Eaton, with a start, recollected himself. His gaining a view of that room was of so much more importance than what he had to say that, for a moment, he had forgotten. Then:
"I wanted to ask you exactly what my position here is to be."
"Oh," she said. "I thought that was plain to you from what Father said."
"You mean that I am to be kept here?"
"Yes."
"Indefinitely?"
"Until—as Father indicated to you on the train—he has satisfied himself as to the source of the attack upon him."
"I understand. In the meantime, I am not to be allowed to communicate at all with any one outside?"
"That might depend upon the circumstances."
He gazed at the telephone instrument on the desk. "Miss Santoine, a moment ago I tried to telephone, when I—" He described the incident to her. The color on her cheeks heightened. "Some one was appointed to listen on the wire?" he challenged.
"Yes." She hesitated, and then she added, in the manner in which she had directed him to the guard outside the house: "And besides, I believe there are—or will be—the new phonographic devices on every line, which record both sides of a conversation. Subject to that, you may use the telephone."
"Thank you," said Eaton grimly. "I suppose if I were to write a letter, it would be taken from me and opened and read."
She colored ruddier and made no comment.
"And if I wished to go to the city, I would be prevented or followed?"
"Prevented, for the present," she replied.
"Thank you."
"That is all?"
The interview had become more difficult for her; he saw that she was anxious to have it over.
"Just one moment more, Miss Santoine. Suppose I resist this?"
"Yes?"
"Your father is having me held here in what I might describe as a free sort of confinement, but still in confinement, without any legal charge against me. Suppose I refuse to submit to that—suppose I demand right to consult, to communicate with some one in order, let us say, to defend myself against the charge of having attacked your father. What then?"
"I can only answer as before, Mr. Eaton."
"That I will be prevented?"
"For the present. I don't know all that Father has ordered done about you; but he is awaiting the result of several investigations. The telegrams you received doubtless are being traced to their sources; other inquiries are being made. As you have only lately come back to America, they may extend far and take some time."
"Thank you," he acknowledged.

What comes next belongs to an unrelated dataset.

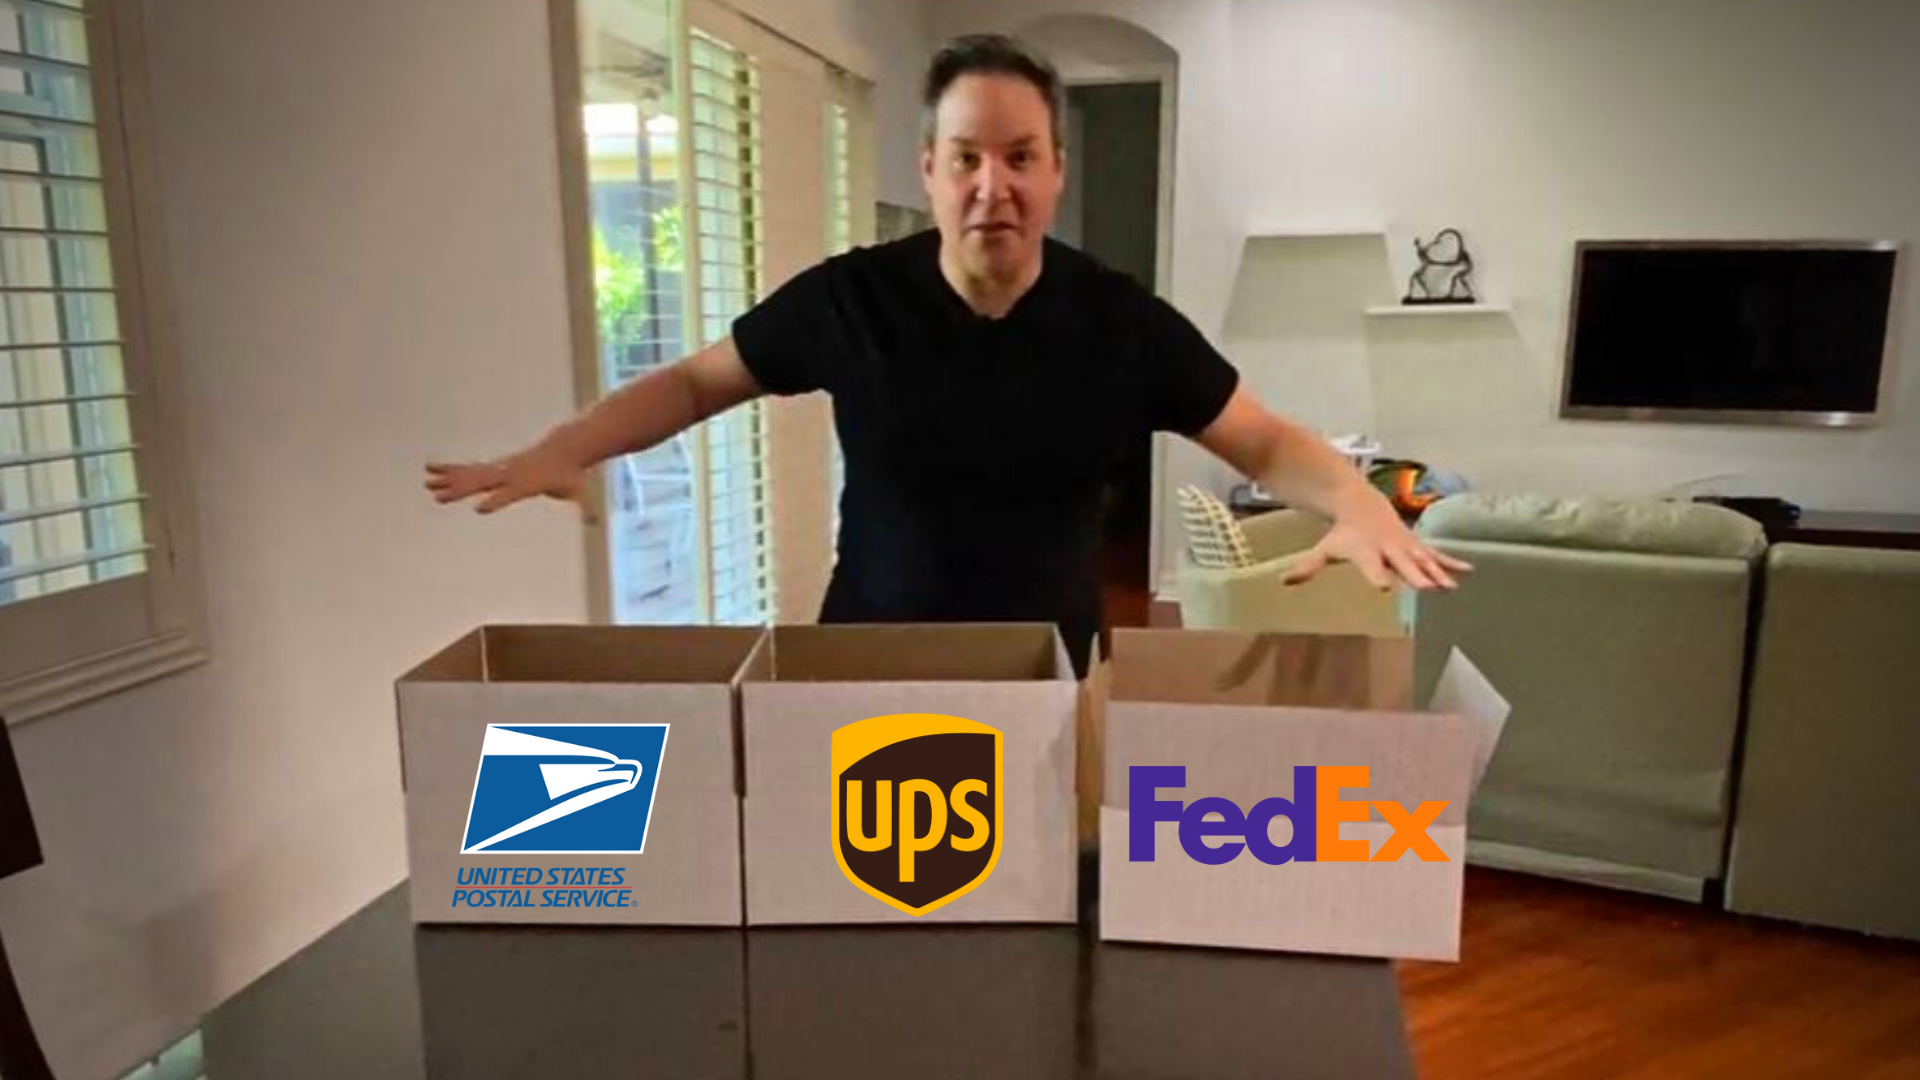 ups shipping box

He went to the door, opened it and went out; he closed it after him and left her alone.
Harriet stood an instant vacantly staring after him; then she went to the door and fastened it with a catch. She came back to the great table-desk—her blind father's desk—and seated herself in the great chair, his chair, and buried her face in her hands. She had seemed—and she knew that she had seemed—quite composed as she talked to Eaton; now she was not composed. Her face was burning hot; her hands, against her cheeks, were cold; tremors of feeling shook her as she thought of the man who just had left her. Why, she asked herself, was she not able to make herself treat this man in the way that her mind told her she should have treated him? That he might be the one who had dealt the blow intended to kill her father—her being could not and would not accept that. Yet, the only reason she had to deny it, was her feeling.
That Eaton must have been involved in the attack or, at least, must have known and now knew something about it which he was keeping from them, seemed certain. Yet she did not, she could not, abominate and hate this man. Instead, she found herself impelled, against all natural reason, more and more to trust him. Moreover, was it fair to her father for her to do this?
Since childhood, since babyhood, even, no one had ever meant anything to her in comparison with her father. Her mother had died when she was young; she had never had, in her play as a child, the careless abandon of other children, because in spite of play she had been thinking of her father; the greatest joy of childhood she could remember was walking hand in hand with her father and telling him the things she saw; it had been their "game"; and as she grew older and it had ceased to be merely a game—as she had grown more and more useful to the blind man, and he had learned more fully to use and trust her—she had found it only more interesting, a greater pleasure. She had never had any other ambition—and she had no other now—except to serve her father; her joy was to be his eyes; her triumph had been when she had found that, though he searched the world and paid fortunes to find others to "see" for him, no one could serve him as she could; she had never thought of herself apart from him.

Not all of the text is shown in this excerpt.